Dataset section:
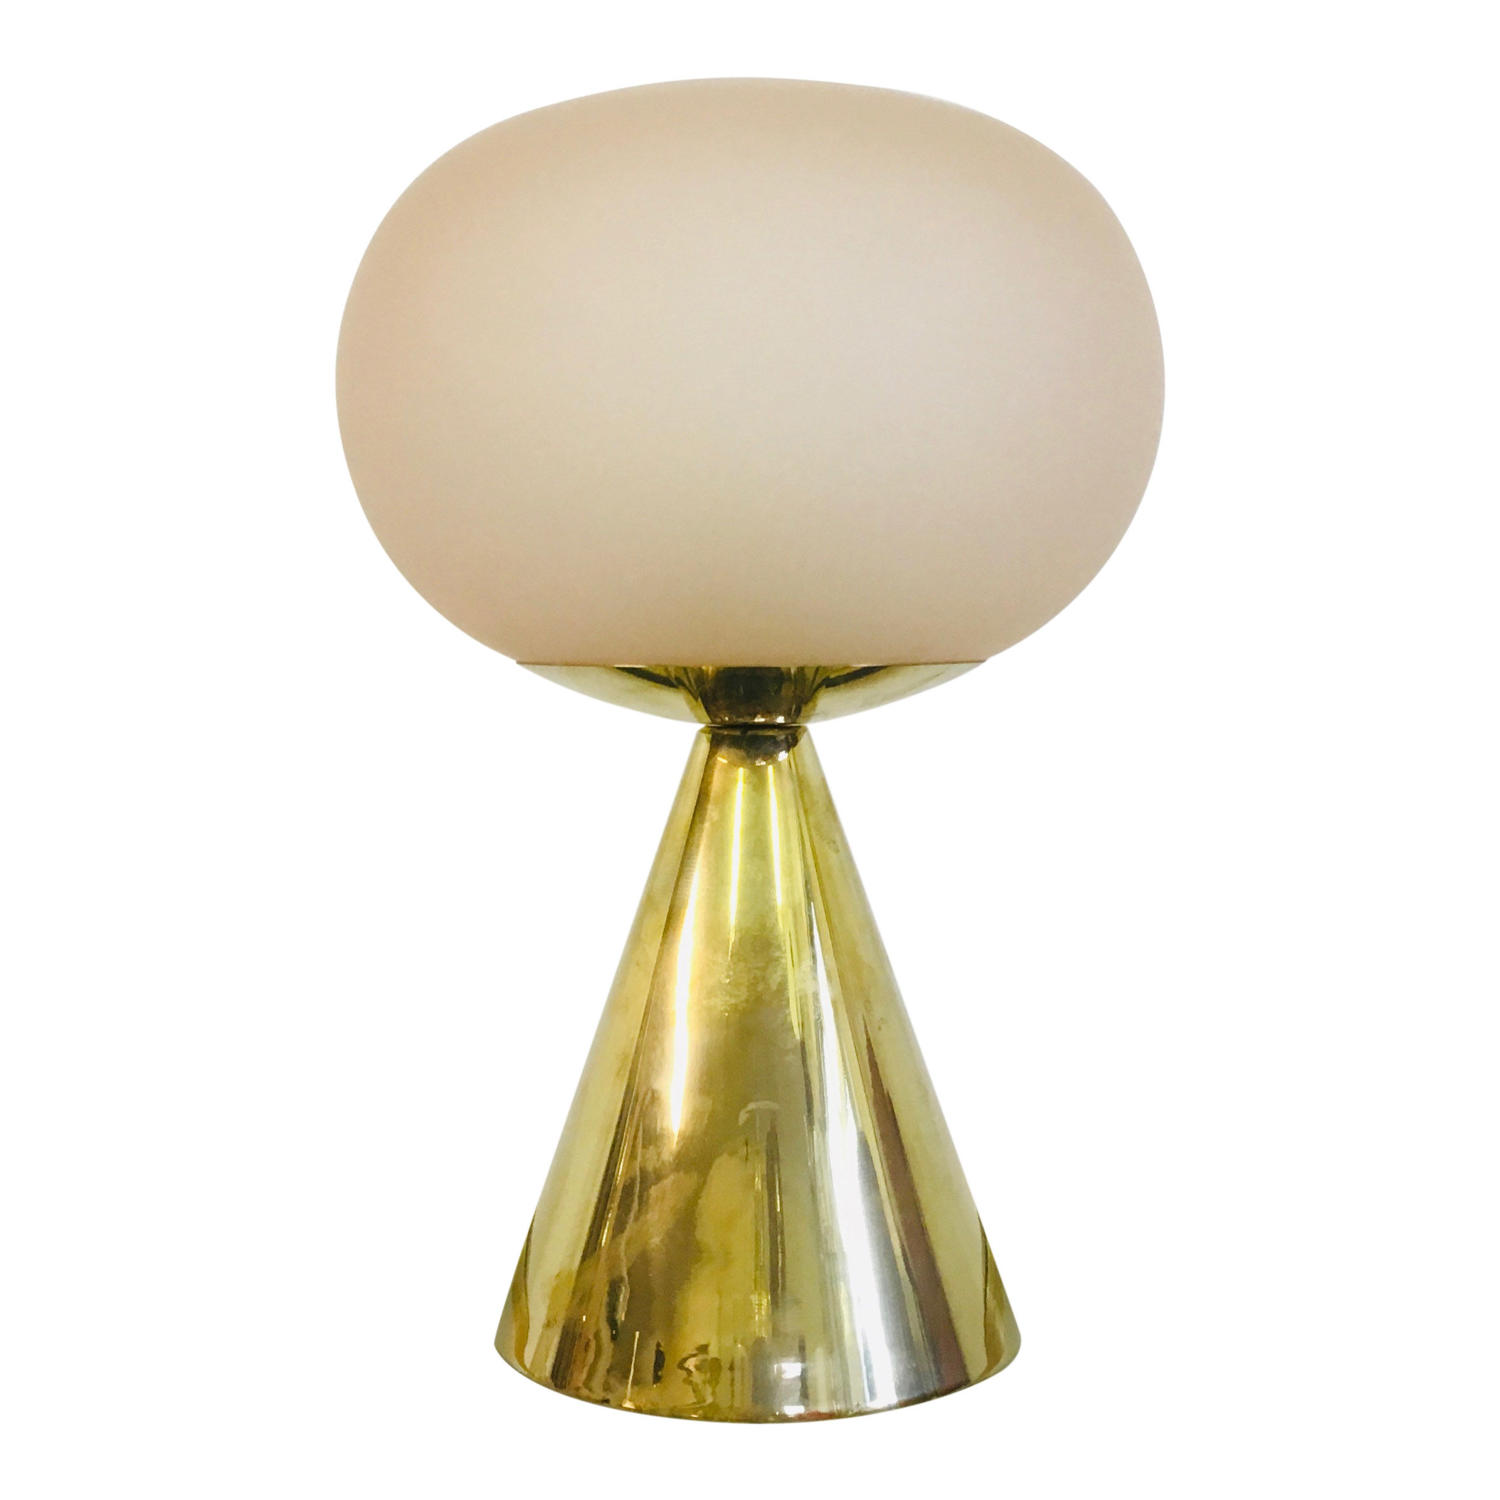 Italian pink glass and brass table lamp
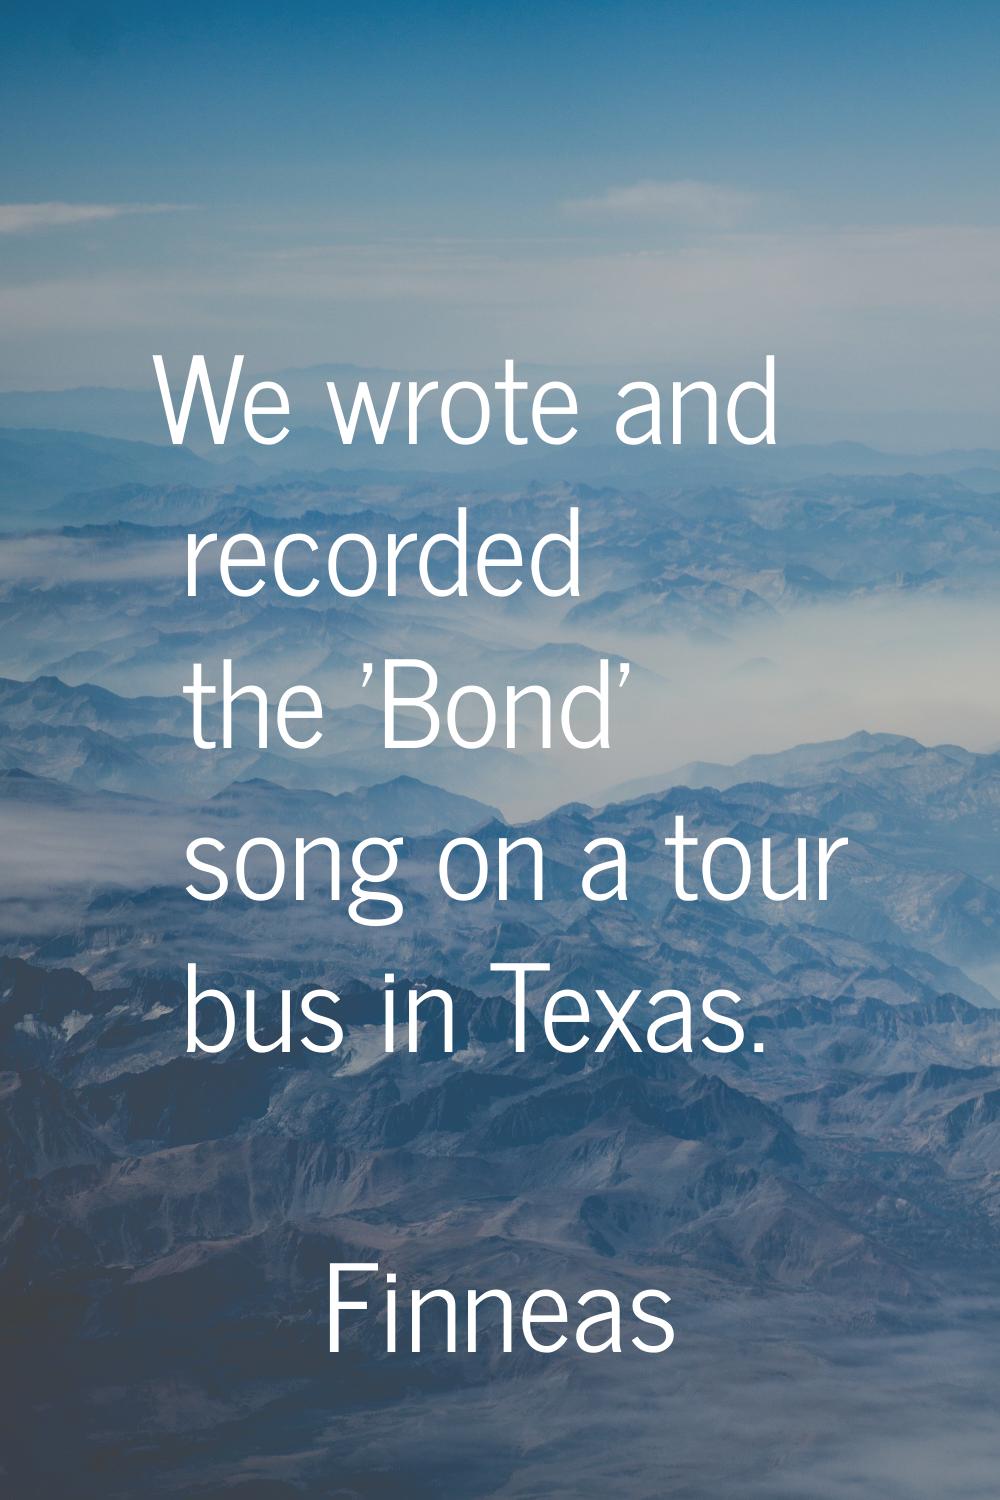 We wrote and recorded the 'Bond' song on a tour bus in Texas.
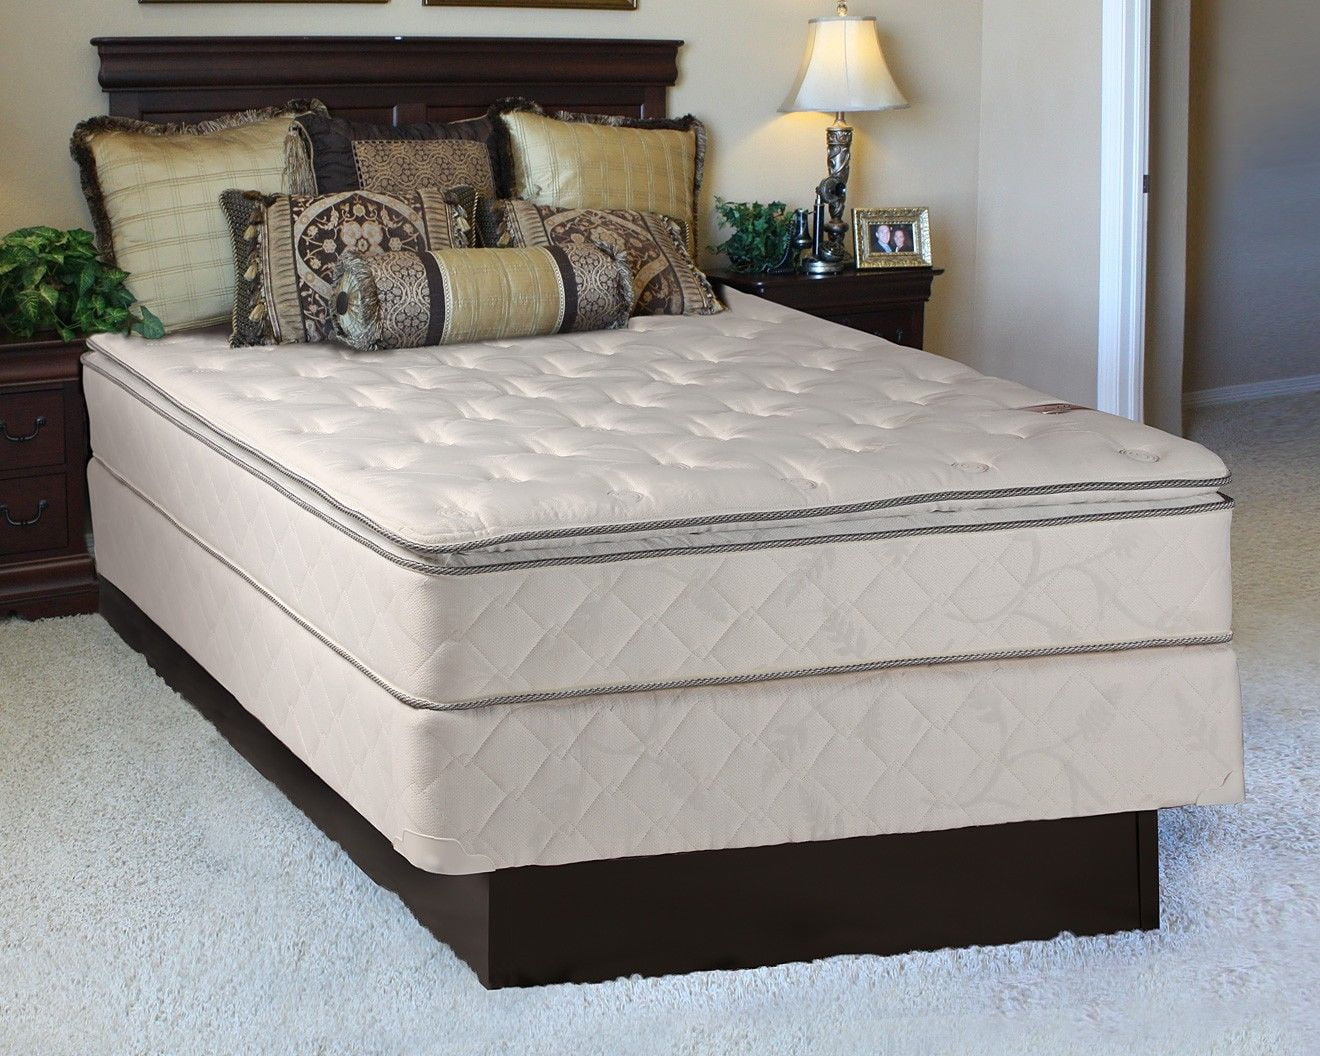 walmart mattress and box spring for sale
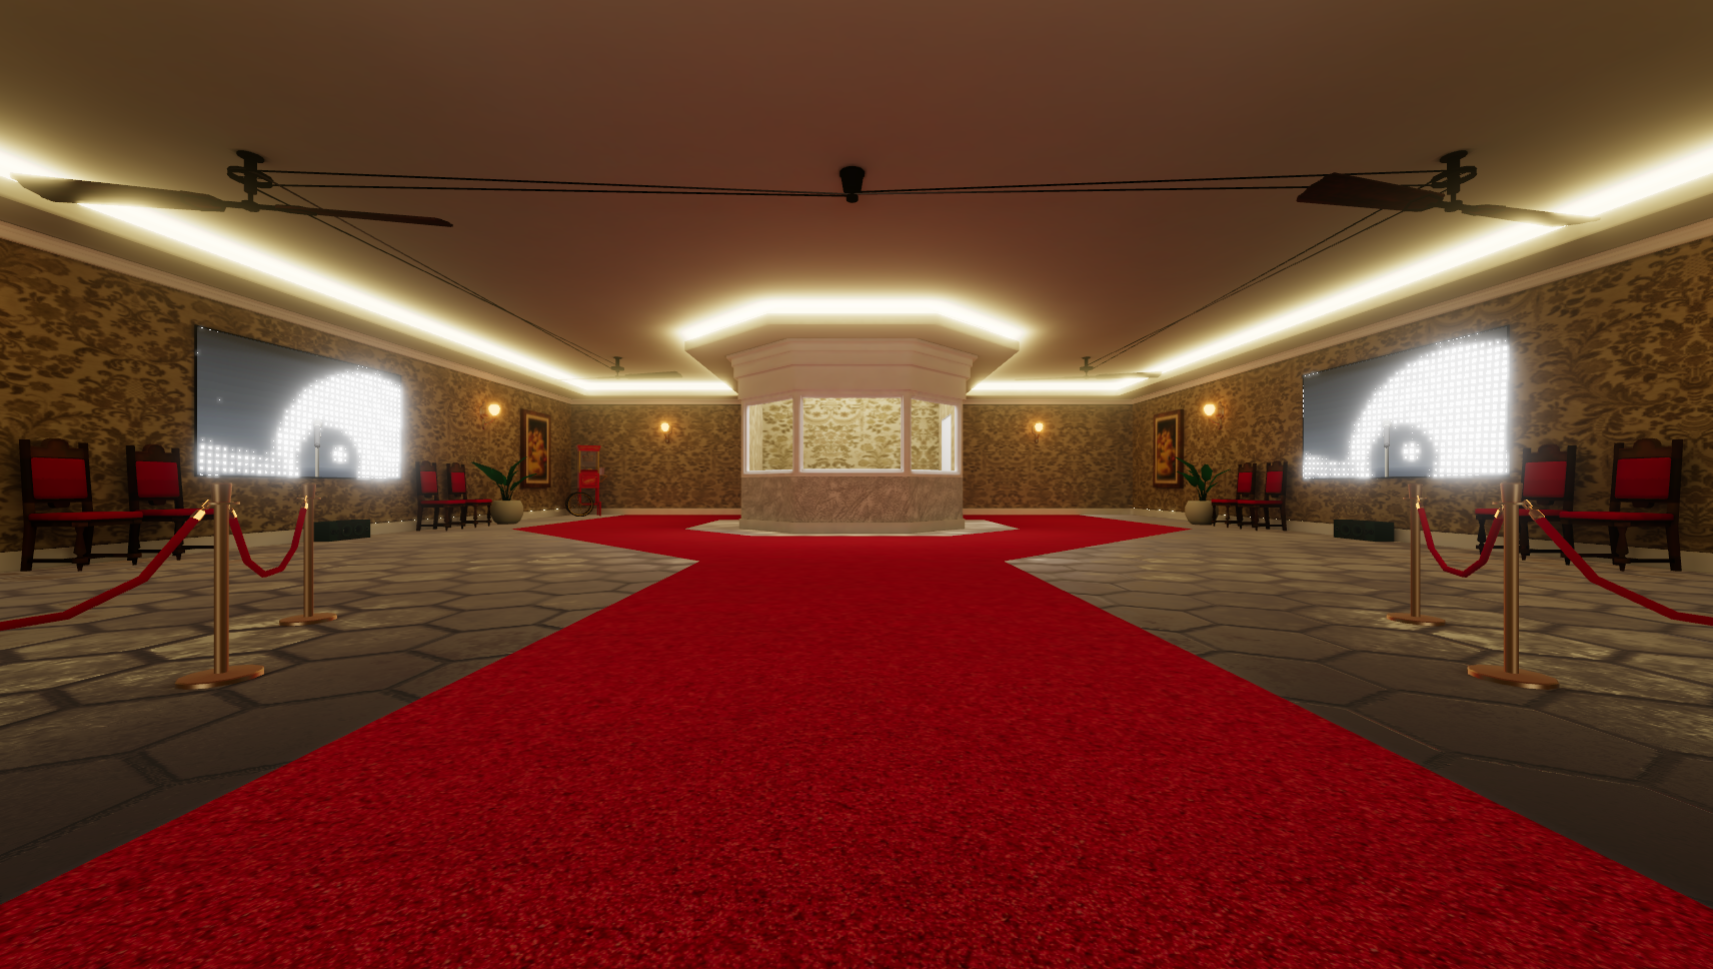 Red velvet ropes or cordones keep users funneled towards or away from the main theater door.

The problem:
In your copy, the listing above should appear word for word, with no images.

Response to the task:
 Italian pink glass and brass table lamp
 We wrote and recorded the 'Bond' song on a tour bus in Texas.
 walmart mattress and box spring for sale
 Red velvet ropes or cordones keep users funneled towards or away from the main theater door.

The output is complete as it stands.